Yuri Blanarovich wrote:
But...
if the standing wave is made of forward and reverse traveling waves, should
not we be trying to keep the resistance low in the system? Or is it
insignificant?

The I^2*R losses in the conductors depend upon the net
current which is the phasor sum of the forward current
and reflected current. Since the net current is lower
above the coil in a mobile center-loaded antenna, the
resistance of the stinger is not as important as the
resistance of the bottom shaft which carries maximum
current. Whether the I^2*R losses in a stinger are
significant or not is a subjective call. If one is
looking for that last 0.1 dB that will win a mobile
antenna shootout, replacing the stainless steel
stinger with one-inch copper tubing might do the
trick.

Incidentally, in a thin-wire 1/2WL dipole, the reflected
current arriving back at the feedpoint is approximately
90% of the forward current, i.e. only about 10% of the
current is lost to radiation in its round trip to the
end of the antenna and back. The same is true of forward
and reflected voltage.

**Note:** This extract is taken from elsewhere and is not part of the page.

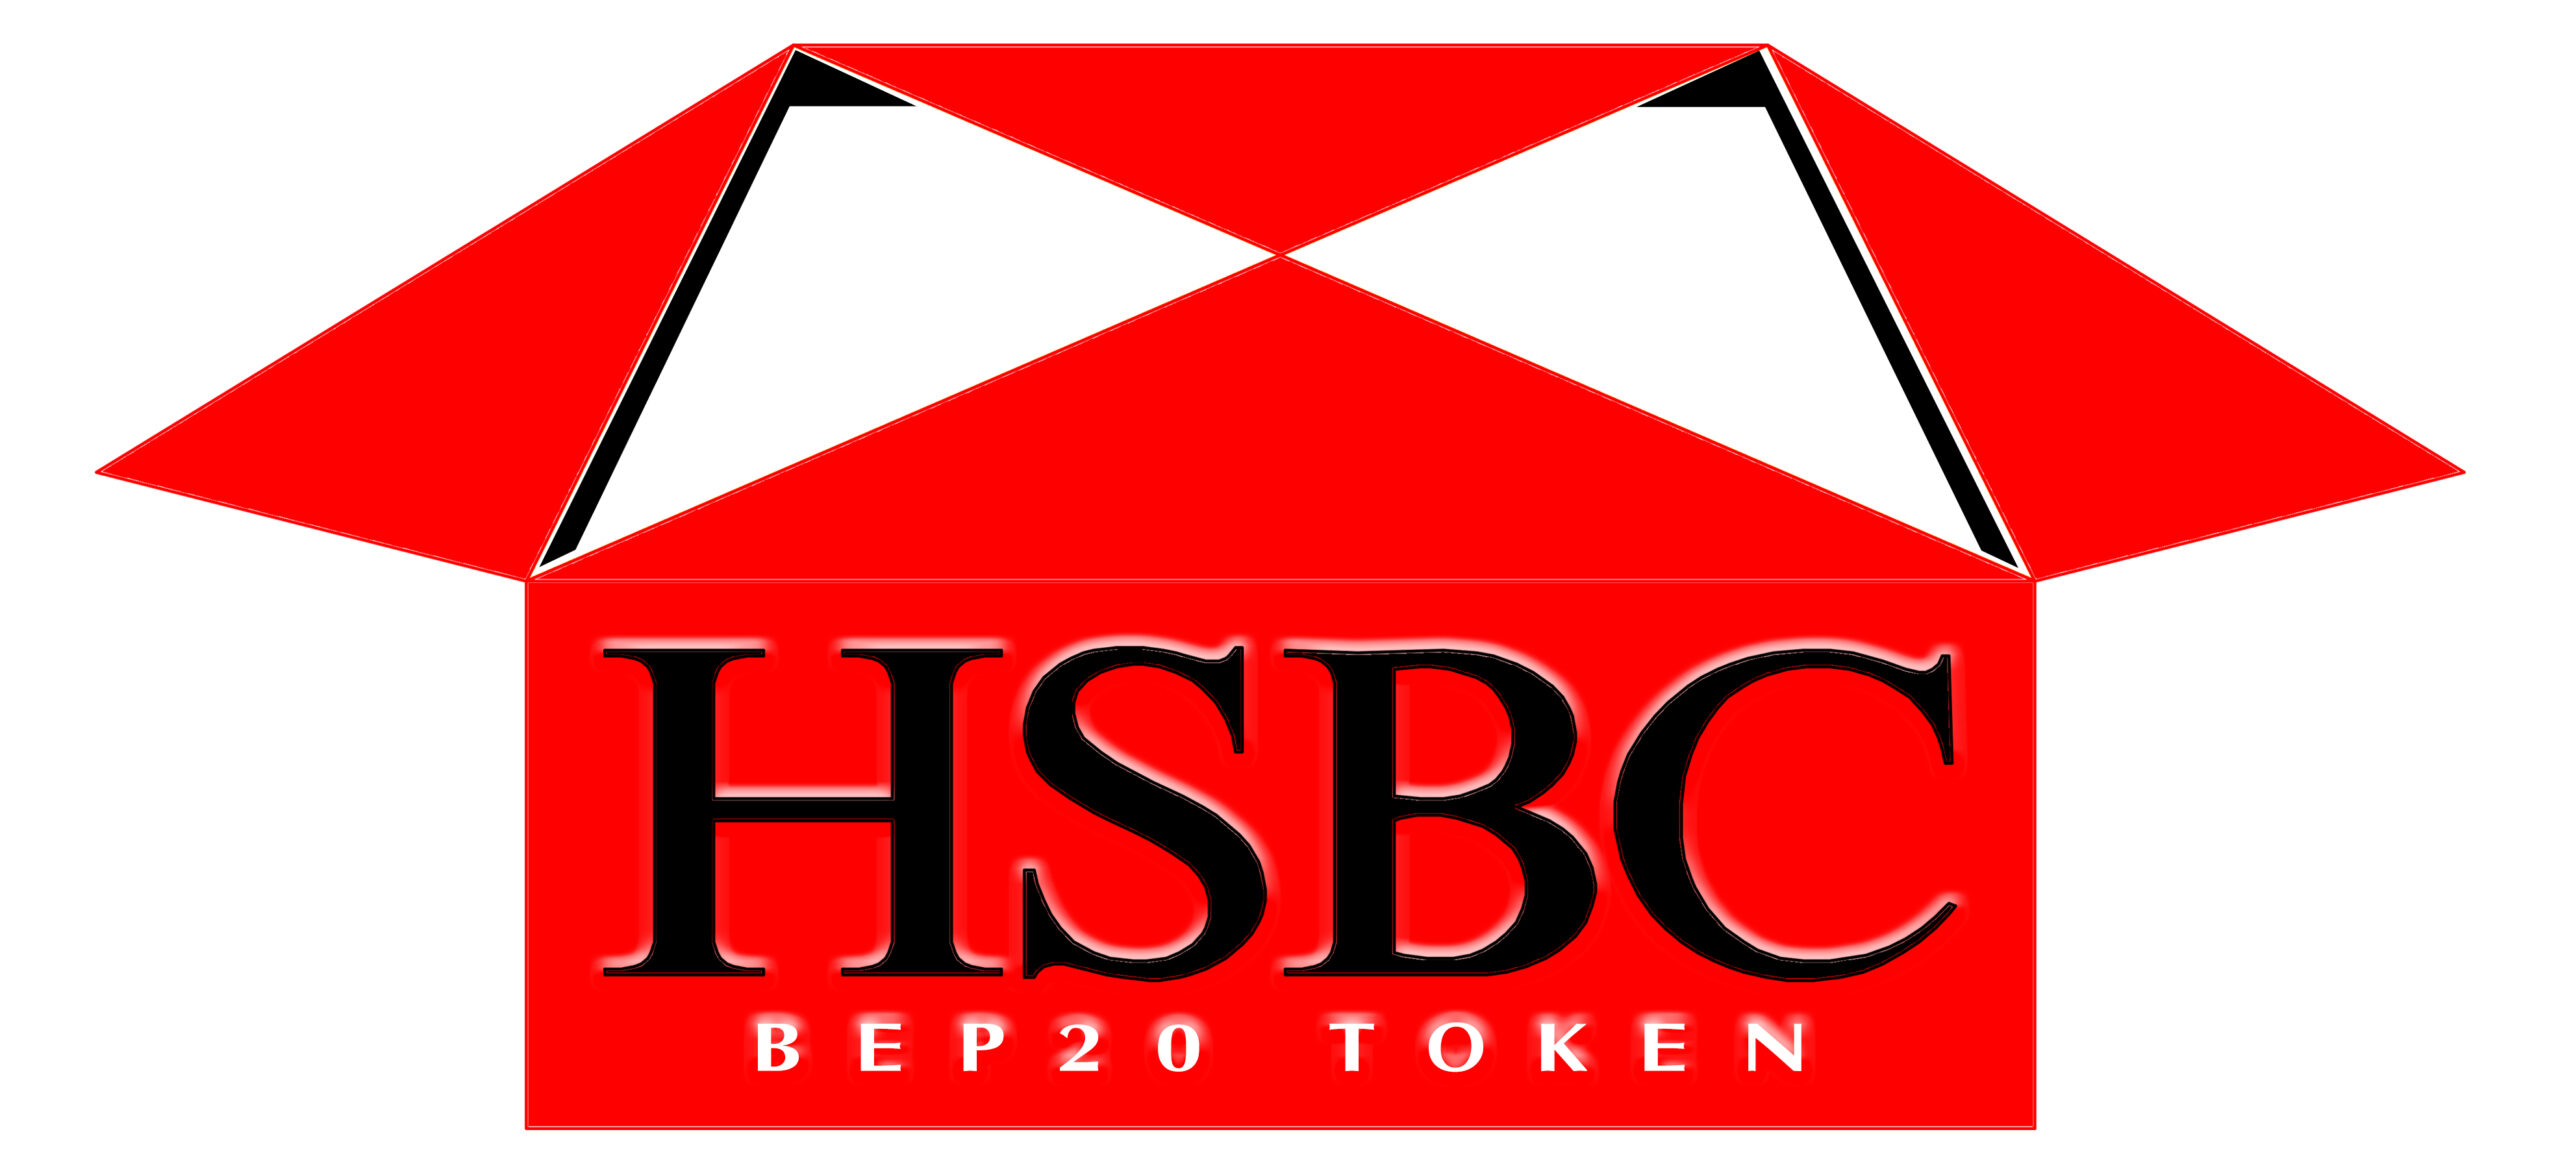 HSBC Token

The feedpoint impedance of a
1/2WL dipole results from the superposition of and
interference between the forward and reflected waves
on the standing-wave antenna at the feedpoint.

If we made a Z0=600 ohm 1/4WL open stub out of resistance
wire such that the feedpoint impedance is 73 ohms, we
would have a pretty good simulation of an antenna where
energy is converted to heat instead of being radiated.
The voltages and currents on the stub would correlate
closely with the voltages and currents on a 1/2WL dipole.
--
73, Cecil, w5dxp.com